The paper "The Case for Developing a Foundation Model for Planning-like Tasks from Scratch" by Biplav Srivastava and Vishal Pallagani presents an intriguing discussion on the need to develop a specialized Foundation Model (FM) to address Planning-like (PL) tasks. The authors argue that existing Foundation Models, primarily pre-trained for NLP tasks, are inadequate for capturing the nuanced requirements of planning tasks that involve generating specific action sequences with varied execution guarantees. The paper outlines a framework for designing and training a bespoke FM specifically tailored to meet the intricate demands of PL tasks, leveraging insights from Automated Planning and Scheduling (APS).

Key Contributions

  1. Clarification of Planning-like Tasks: The paper introduces the concept of PL tasks, encompassing business processes, dialogues, guidelines, instructions, design drawings, programs, and workflows. Each of these tasks involves generating sequences of actions or decisions to achieve specific goals. While existing FMs are being explored for these tasks, their efficacy remains limited due to the lack of proper formalism akin to that available in APS.
  2. Identifying the Gap: Current FMs are predicated on general pre-training tasks and datasets, making them ill-equipped to handle intricacies crucial to PL tasks, such as action sequence generation, execution semantics, and task-specific complexities. The paper highlights the limited success of fine-tuning off-the-shelf models for domain-specific applications and suggests that starting from scratch could result in models better aligned with PL objectives.
  3. Proposed Training Methodology: A comprehensive training procedure is proposed that involves developing a specialized tokenizer, model architecture, and novel pre-training tasks aimed at capturing PL tasks' complex requirements. The paper also suggests leveraging domain-specific datasets and proposed evaluation metrics tailored to assess the FM's performance on PL tasks.
  4. Novel Pre-training Tasks: Drawing attention to limitations in current FMs, the paper suggests unique pre-training tasks such as Next Action Prediction, Execution Simulation, and Action and Effect Modeling. These tasks aim to impart an understanding of temporal planning, execution semantics, and action consequences, thereby enhancing the model's decision-making prowess.
  5. Implications and Practical Considerations: Beyond theoretical implications, the paper discusses practical considerations in developing such an FM, including strategies for pruning, quantization, and knowledge distillation to develop compact and efficient models that can be deployed in resource-constrained environments.

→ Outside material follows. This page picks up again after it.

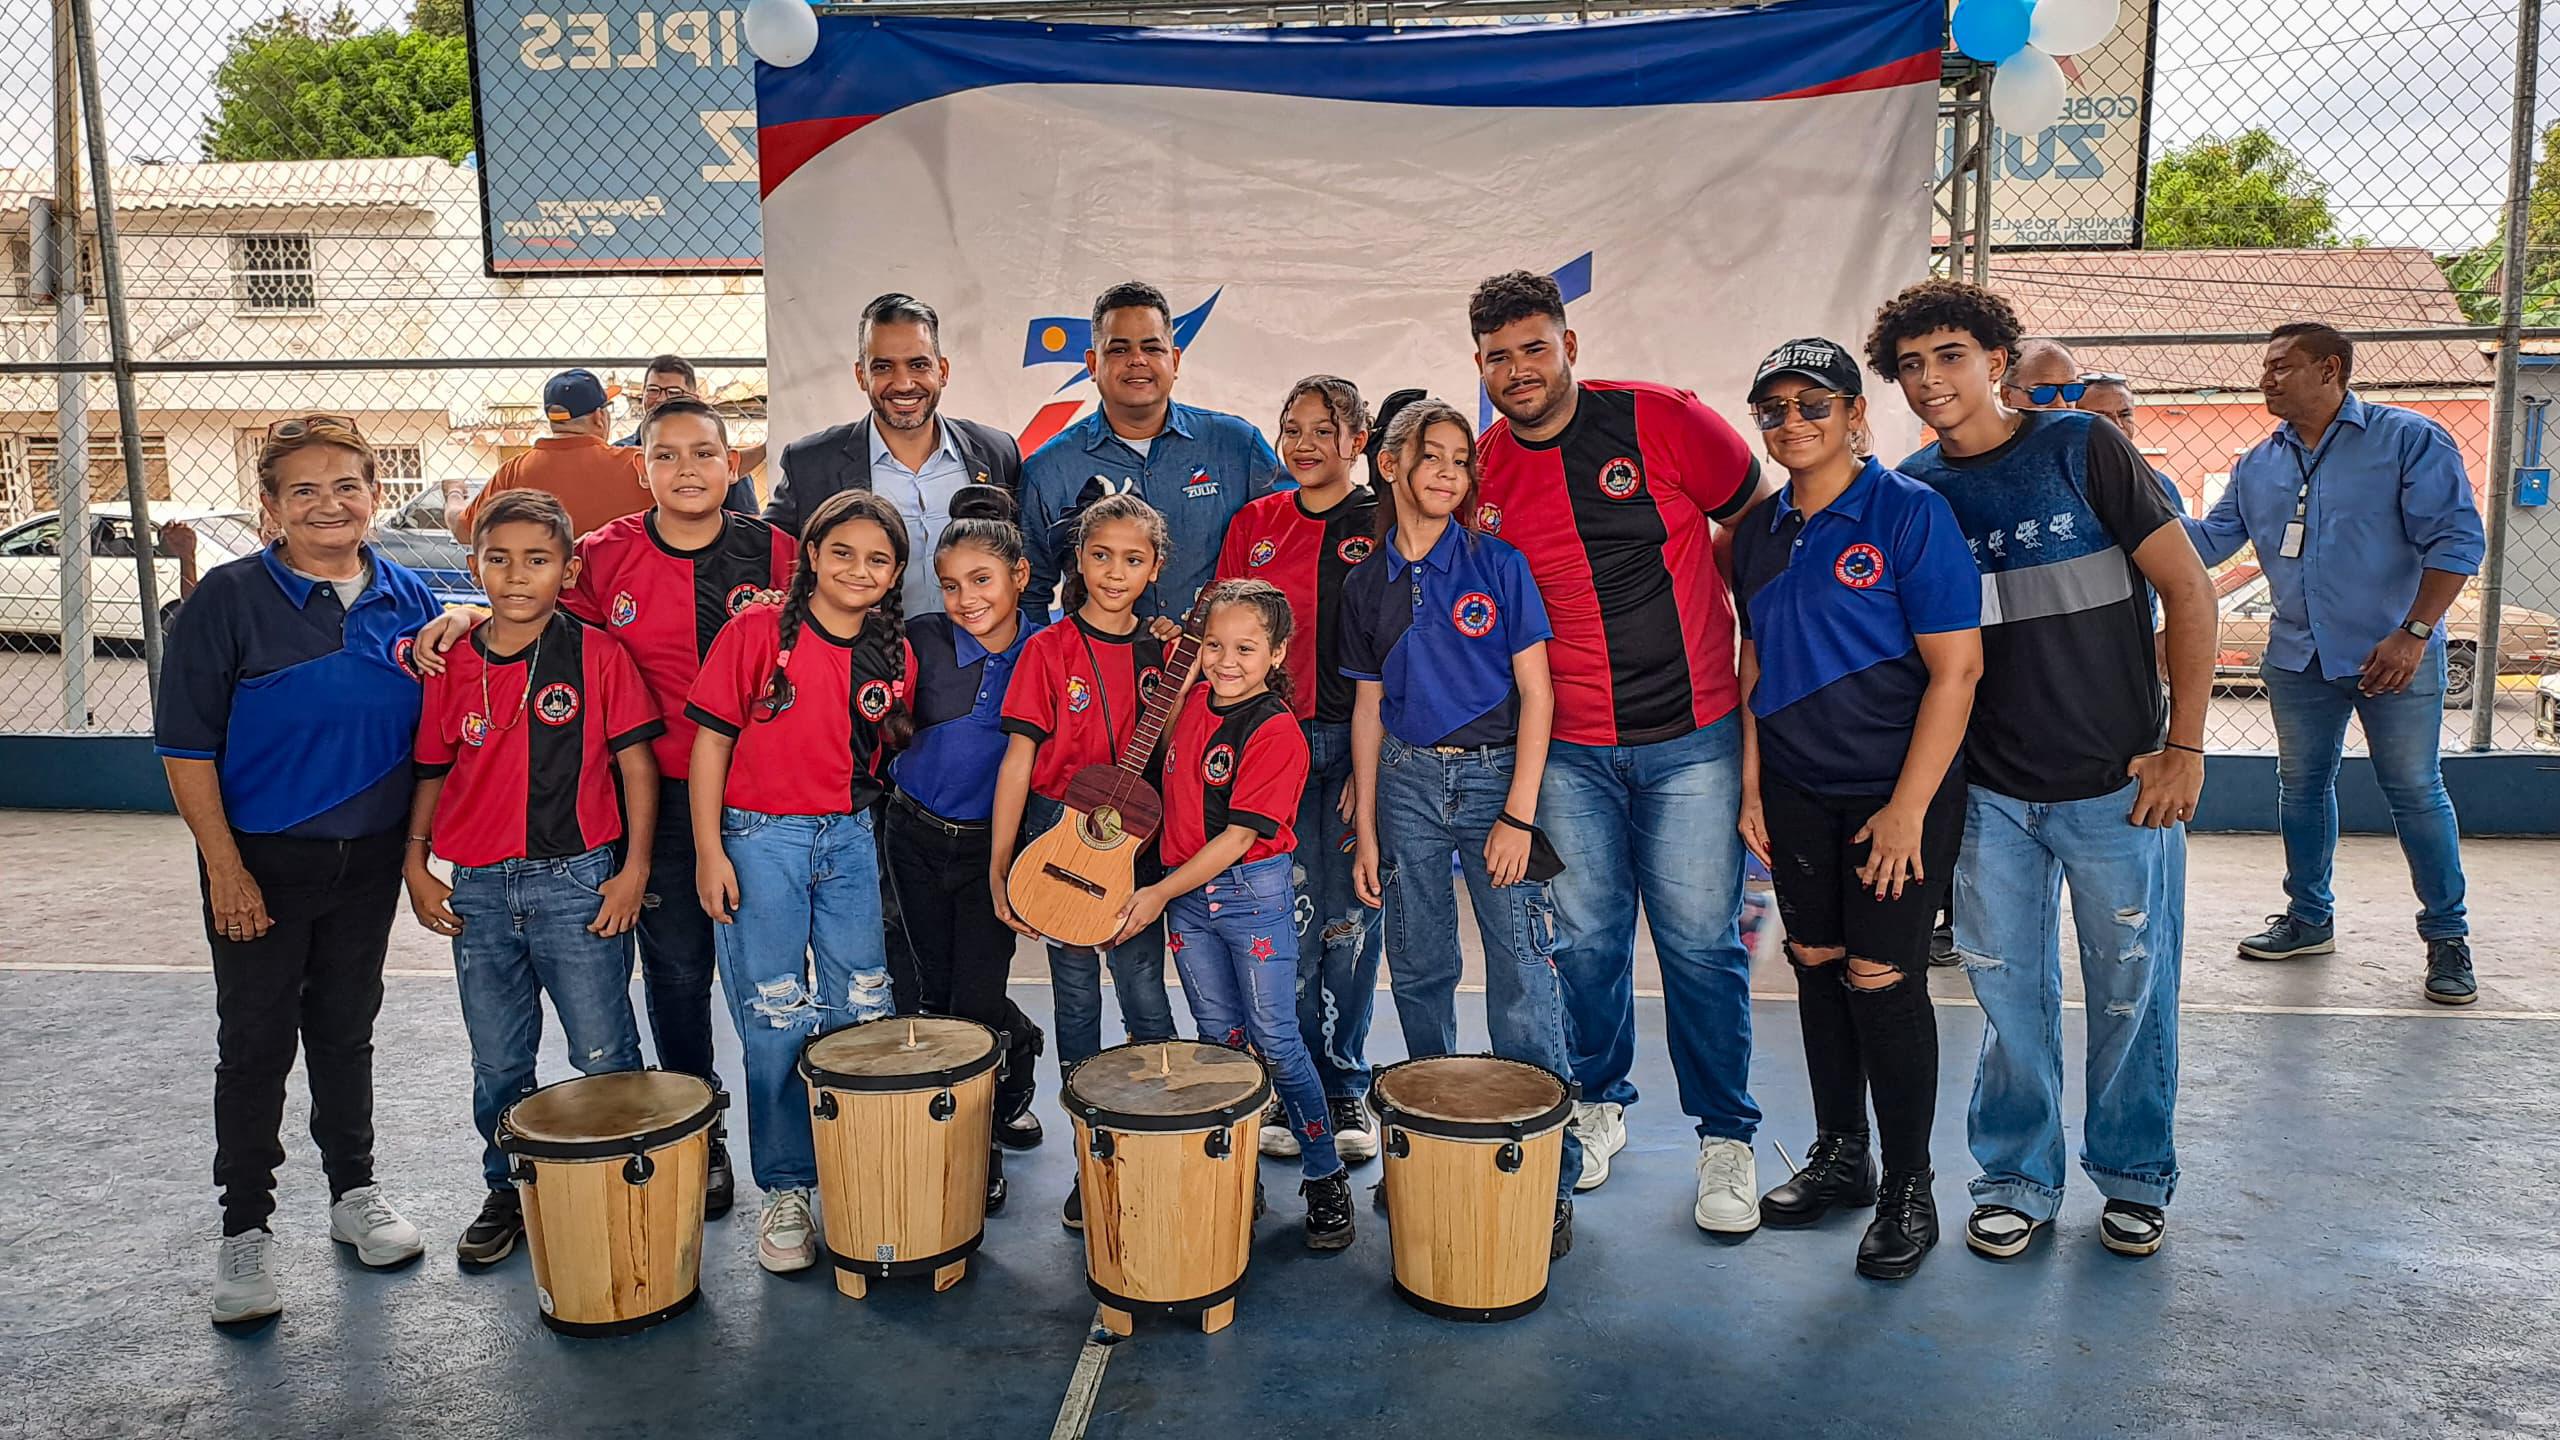 Gobernación del Zulia dota de instrumentos gaiteros a 8 parroquias de Maracaibo y San Francisco

Implications for Future Research

The pursuit of a Foundation Model customized for PL tasks could significantly impact both theoretical approaches to AI planning and practical implementations across domains such as business process management, software engineering, and complex task orchestration. By incorporating multi-modal learning and domain-specific pre-training paradigms, future research could explore cross-domain applicability and the challenges related to grounding, alignment, and instructability, which are crucial for effective real-world deployment.

Conclusion

The paper presents a persuasive argument for the necessity of developing a Foundation Model specifically designed for Planning-like tasks. It addresses the inadequacies of existing models for this purpose and offers a detailed roadmap for creating more specialized, effective, and efficient systems tailored to the diverse needs of PL tasks. This work establishes the foundational considerations essential for advancing AI's capability in generating, executing, and validating plans across a broad spectrum of applications.